Being a Republican pollster can bring grim tasks these days. More often than not, you have to deliver some measure of bad news to clients.
The responses of clients given bad news varies widely. Some nod in a knowing way; they expected it. Others get melancholy, while still others steel themselves for the fight of their life. These are reasonable responses to unfavorable polling.
But some clients can take a different tack altogether. These candidates act as if they are surprised by the bad news. “Yes, the Republican brand is damaged,” they acknowledge, “but I’m sure I’m weathering the storm,” they reason. “Everyone says I’m safe.” They exhibit incredible denial of reality and may even turn against the messenger, their loyal pollster. Or, to save their pollster’s credibility somewhat, they speculate, “It must be a bad sample.”
Of course, it could be a bad sample. Sampling theory allows that one in 20 surveys will be what a client once referred to as a “wild hair sample,” one that has a higher margin of error than the 95 percentile figure traditionally cited by pollsters. But it seems like there are more “wild hairs” sprouting these days than could be reasonably expected if sampling theory is really a science.
The doubtful client is also set off when the sample doesn’t seem to have enough Republicans. “A-ha!” they exclaim, “you undersampled Republicans! That’s why I did so poorly.” In states with permanent party registration, this could never occur. We can establish quotas by party registration and ensure that we get the proper number of registrants from each party.

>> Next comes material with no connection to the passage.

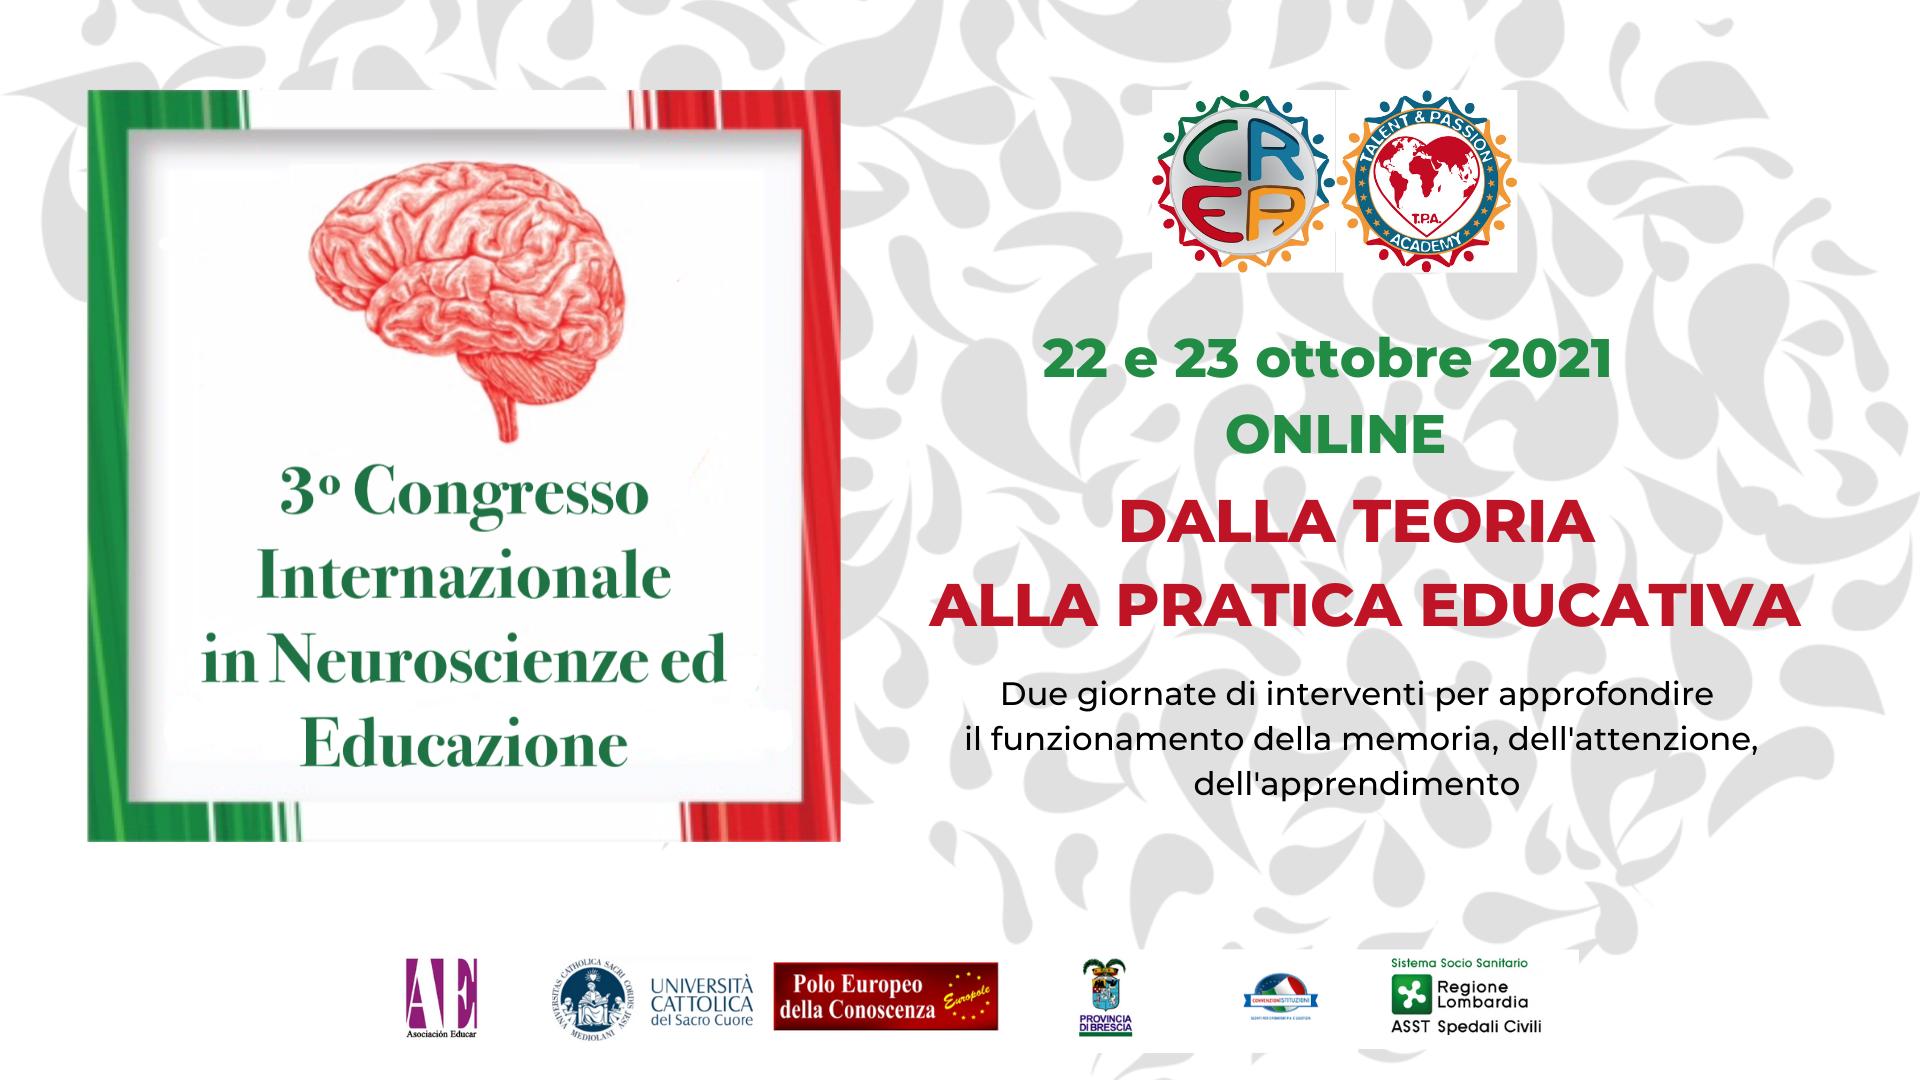 Congresso internazionale in nuroscienze ed educazione
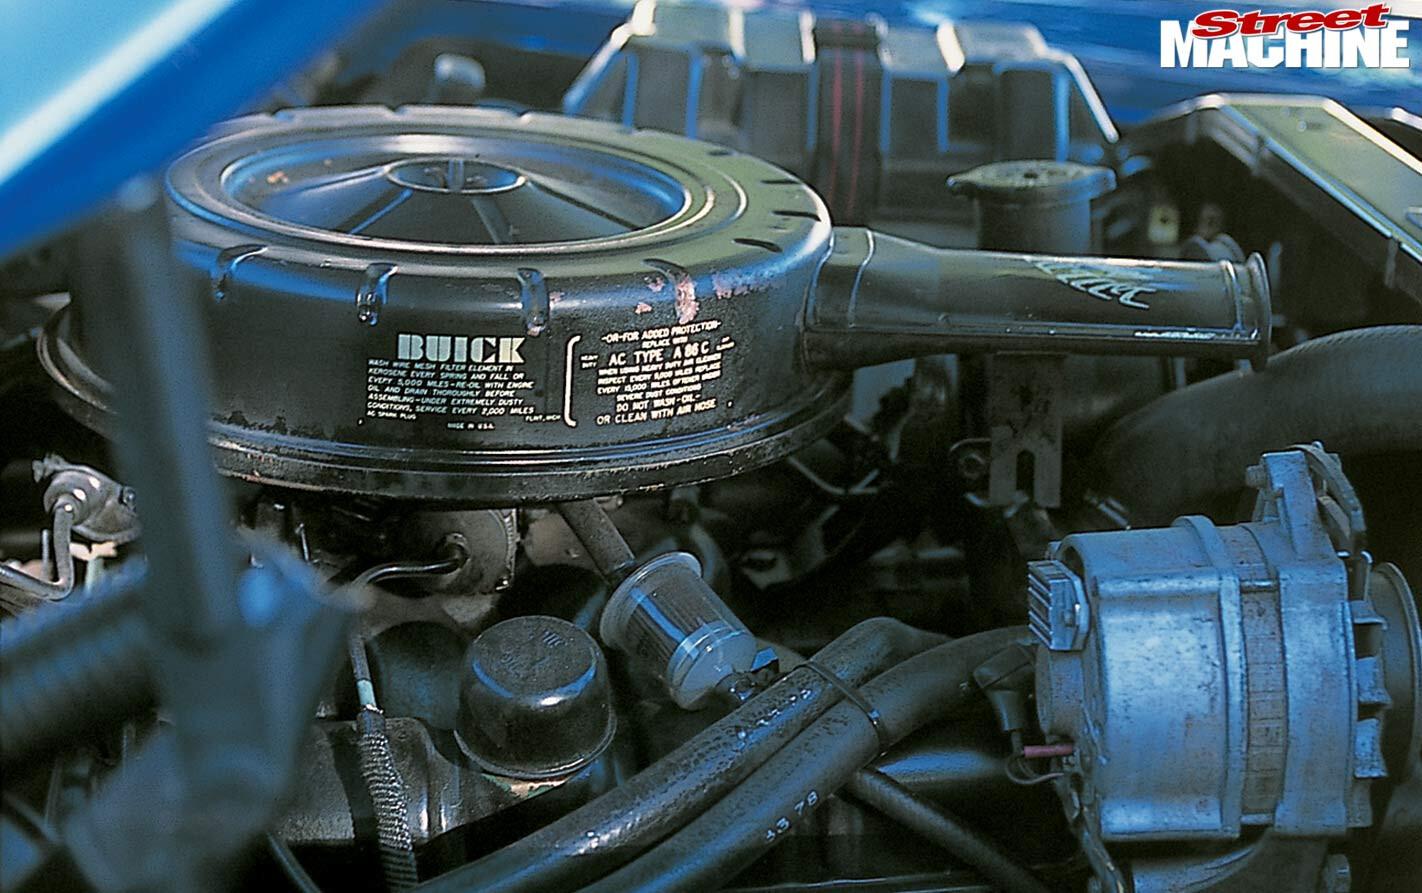 Buick Le Sabre engine bay

But in those states without permanent registration by party, like my Texas, it can be messy. In these states, pollsters have traditionally relied upon measures of partisanship, such as “Do you think of yourself as a Republican, Democrat or independent?” This sort of partisanship is too soft, we have learned in the past, to use when weighting samples to the proper percentages of partisans. Because voters tend to adjust their partisanship to achieve consistency with their anticipated voting behavior, people who would have told me four years ago, or even two, that they think of themselves as Republicans may now say they are independents, or in a few cases, Democrats, because they plan to vote for some non-Republicans.
We pollsters adjusted our questions to avoid the “floating voter” problem of partisanship in transition. So we started asking about something firmer than their current partisan identification. We ask about past voting behavior. “Regardless of how you plan to vote in the next election, in the past have you mostly voted for Republicans or Democrats or have you split your ticket?” The problem is that voters seem to change their reports of past generic voting behavior, too. So it’s hard to know how to weight your samples using partisanship.
I recently explored this conundrum in a Midwestern state that doesn’t have party registration. Of voters polled statewide who said they have voted “only” or “mostly” for Republicans in the past, 19 percent admitted migrating toward independent status, and 6 percent acknowledged a full-tilt shift to the dark side and voting for Democrats. So should I count these voters, one in four one-time loyal Republicans, as GOP voters or not?
It is undeniable that the Republican “base” is shrinking. If GOP pollsters boost the percentage of Republican identifiers in their poll samples to match what we saw four years ago, there are going to be lots of unhappily surprised clients come Election Day. Republicans must acknowledge that some of our one-time followers are now camped out as independents. If we know where they really are, and how many there are of them, it will be simpler to win them back.
Hill is director of Hill Research Consultants, a Texas-based firm that has polled for GOP candidates and causes since 1988.